Validation of breast cancer risk prediction models in an independent prospective data set is rare. We drew on prospective data from the Nurses’ Health Study and the California Teachers Study to validate the Rosner-Colditz breast cancer incidence model and compare it to the Gail model.1 (see report) The Rosner-Colditz model includes a range of established reproductive factors that are directly related to breast cancer risk, body mass index, and alcohol intake. 2 These are known causes of breast cancer. In particular, we include age at menopause and type of menopause (surgical or natural) – factors omitted from the Gail model. After aligning time periods for follow-up, we restricted populations to comparable age ranges (47 to 74), and followed them for incident invasive breast cancer (follow-up 1994 to 2008, Nurses’ Health Study [NHS]; and 1995 to 2009, California Teachers Study [CTS]). We identified 2026 cases during 540,617 person-years in NHS, and 1400 cases during 288,111 person-years in CTS.
To reflect application of a breast risk prediction model in clinical practice such as mammography screening services or primary care, we fit the Rosner–Colditz log incidence model and the Gail model using baseline data. We imputed future use of hormones based on type and prior duration of use and other covariates at the baseline. We assessed performance using area under the curve (AUC) and calibration methods. Participants in the CTS had fewer children, were leaner, consumed more alcohol, and were more frequent users of postmenopausal hormones. Incidence rate ratios for breast cancer showed significantly higher breast cancer in the CTS (IRR= 1.32, 95% CI 1.24 to 1.42). Parameters for the log-incidence model summarizing the relation for reproductive variables, history of benign breast disease, menopause and use of hormone therapy as well as alcohol, obesity, and family history, were comparable across the two cohorts. In the NHS the AUC was 0.60 (se 0.006) and applying the model to the CTS the performance in the independent data set (validation) was 0.586 (se 0.008). The Gail model gave values of 0.547 (se 0.008), a statistically significant 4% lower. For women 47 to 69, more typical of those for whom risk estimation would be indicated clinically, the AUC values for the log incidence model are 0.608 in NHS and 0.609 in CTS; and for Gail are 0.569 and 0.572. In both cohorts, performance of both models dropped off in older women 70 to 87.

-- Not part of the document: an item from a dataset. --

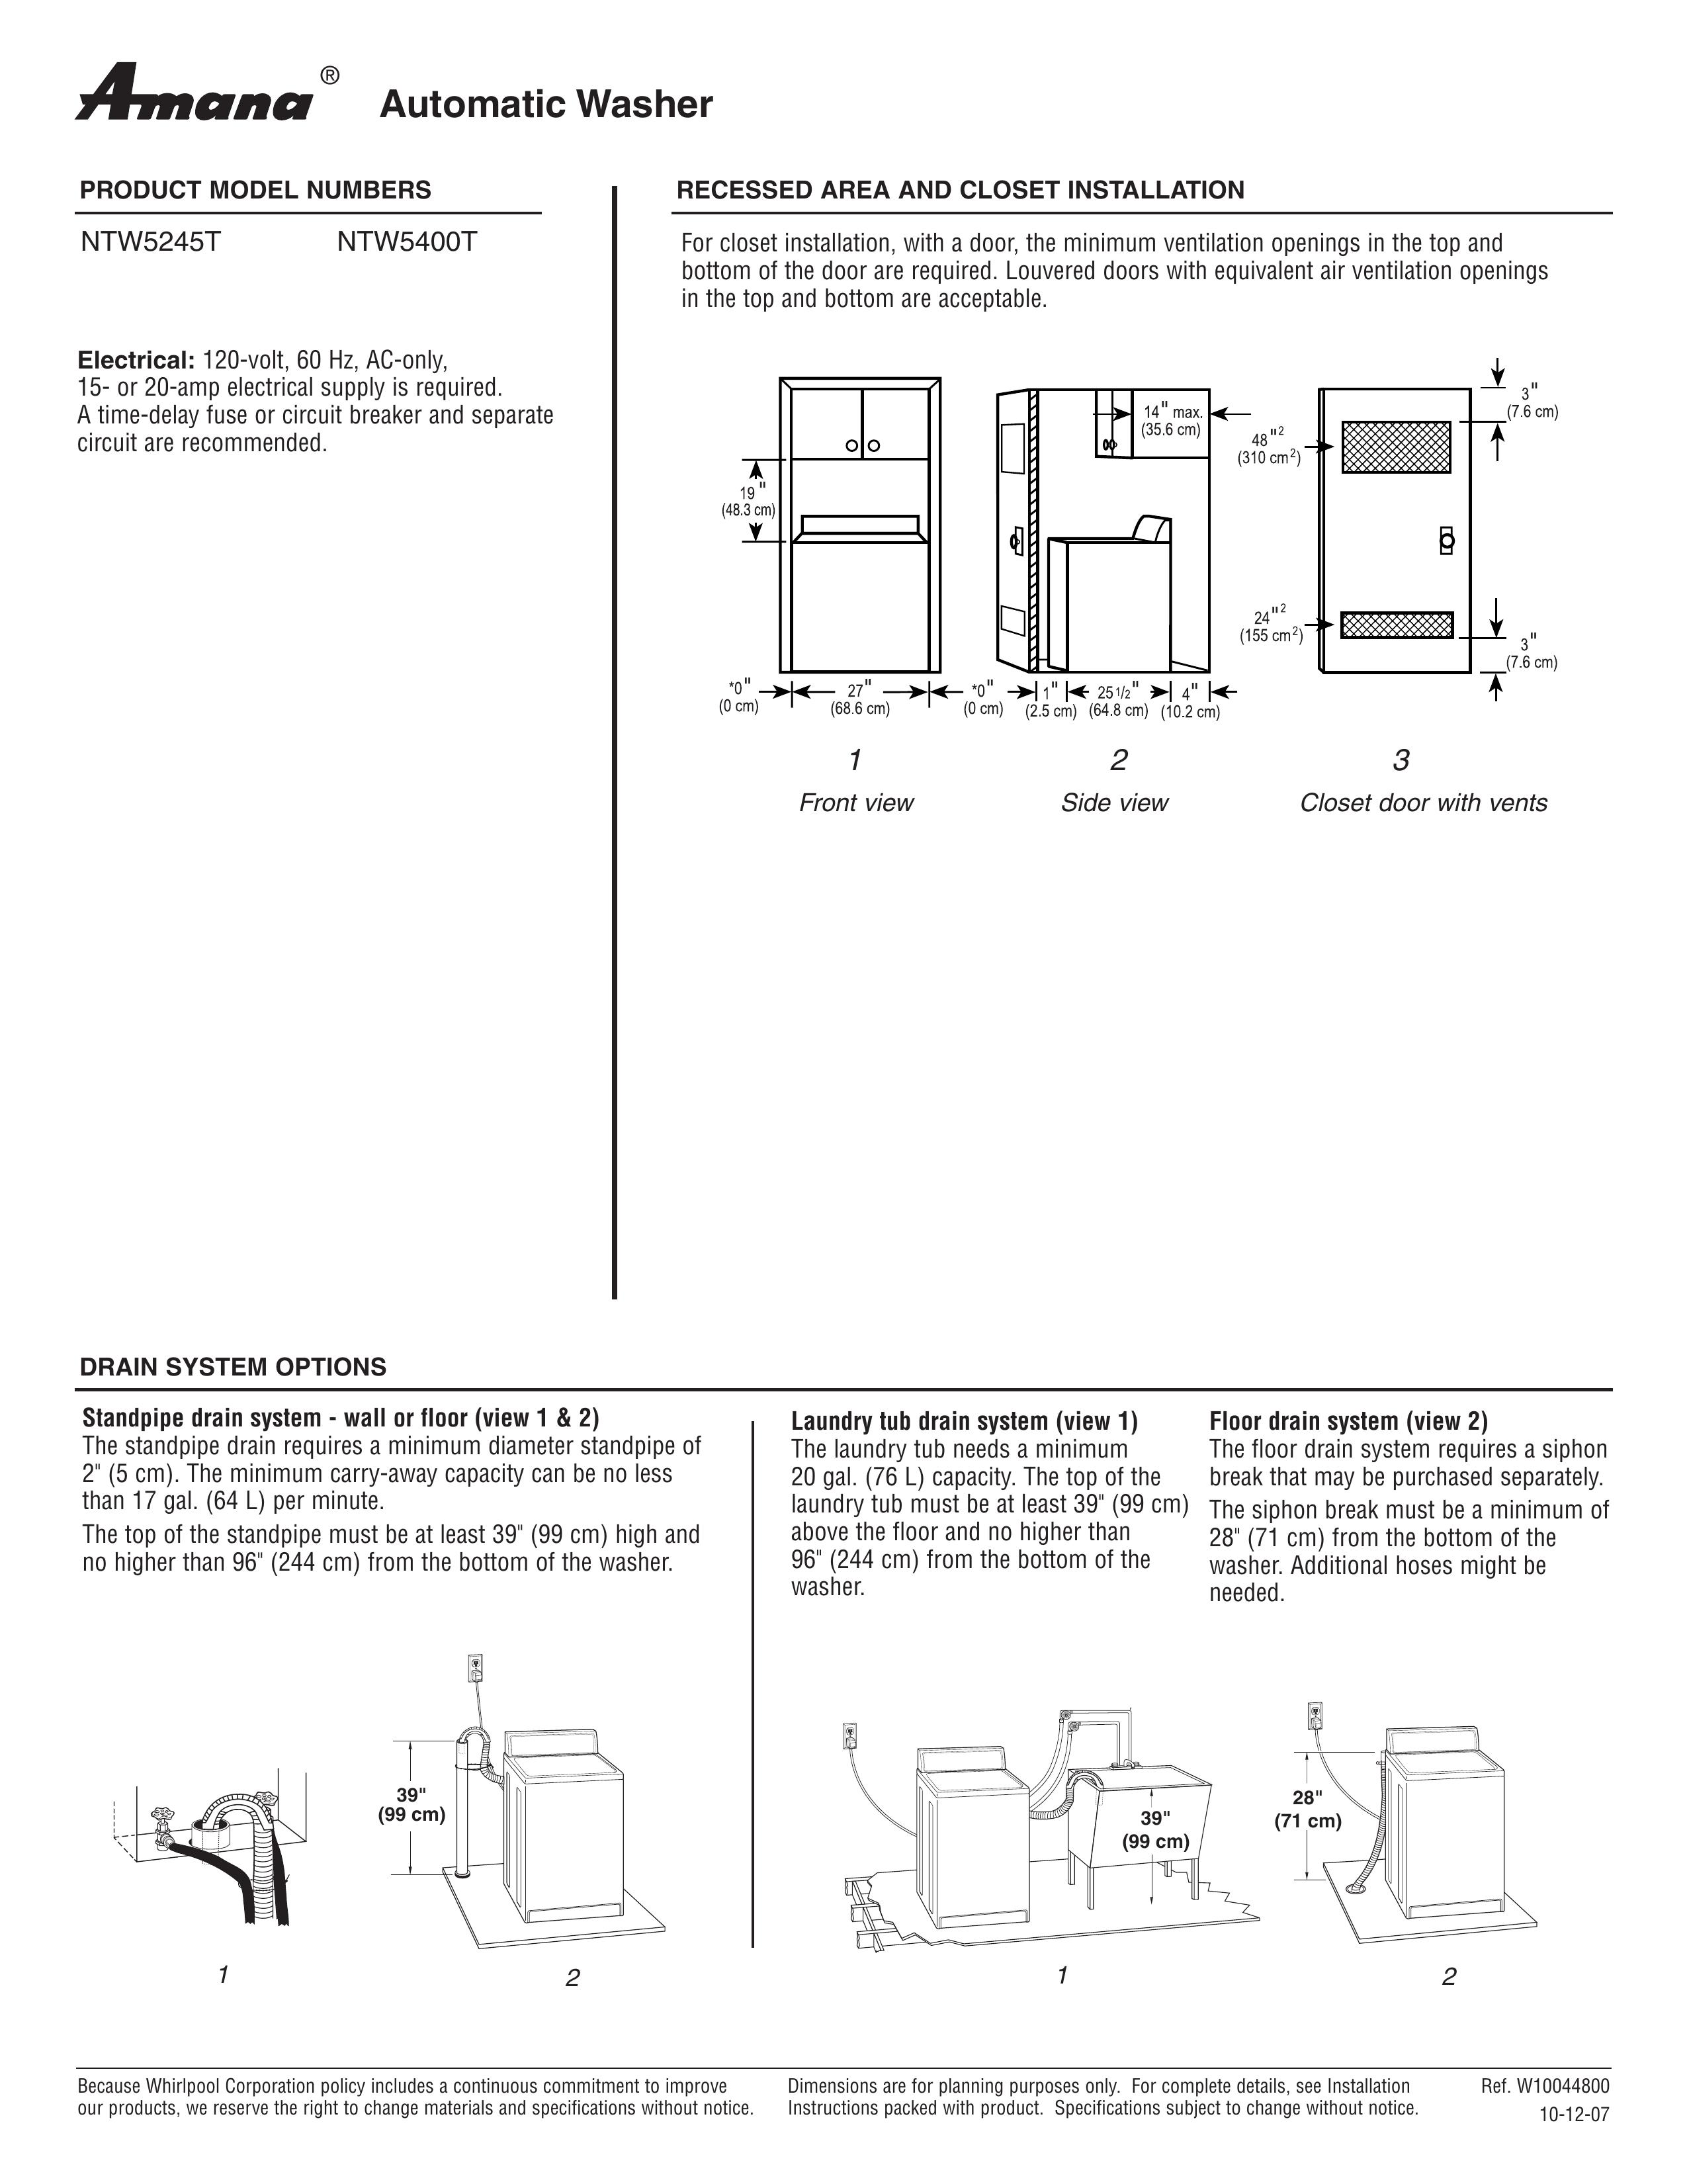 Amana NTW5400T Washer/Dryer User Manual

We also assessed calibration – a measure of how well the model predicts incidence for a population. Calibration showed good estimation against SEER (used as a measure of US national incidence rates for breast cancer) with a non-significant 4% underestimate of overall breast cancer incidence when applying the model in the CTS population.
In sum, the Rosner-Colditz model performs consistently well when applied in an independent data set. Performance is stronger predicting incidence among women 47 to 69 and over a 5-year time interval. AUC values exceed those for Gail by 3 to 5% based on AUC when both are applied to the independent validation data set. Models may be further improved with addition of breast density or other markers of risk beyond the current model. Research in collaboration with the Breast Health Center is currently pursing these improvement.
1. Rosner, B.A. et al. Validation of Rosner-Colditz breast cancer incidence model using an independent data set, the California Teachers Study. Breast Cancer Res Treat (2013).
2. Colditz, G. & Rosner, B. Cumulative risk of breast cancer to age 70 years according to risk factor status: data from the Nurses’ Health Study. Am J Epidemiol 152, 950-64. (2000).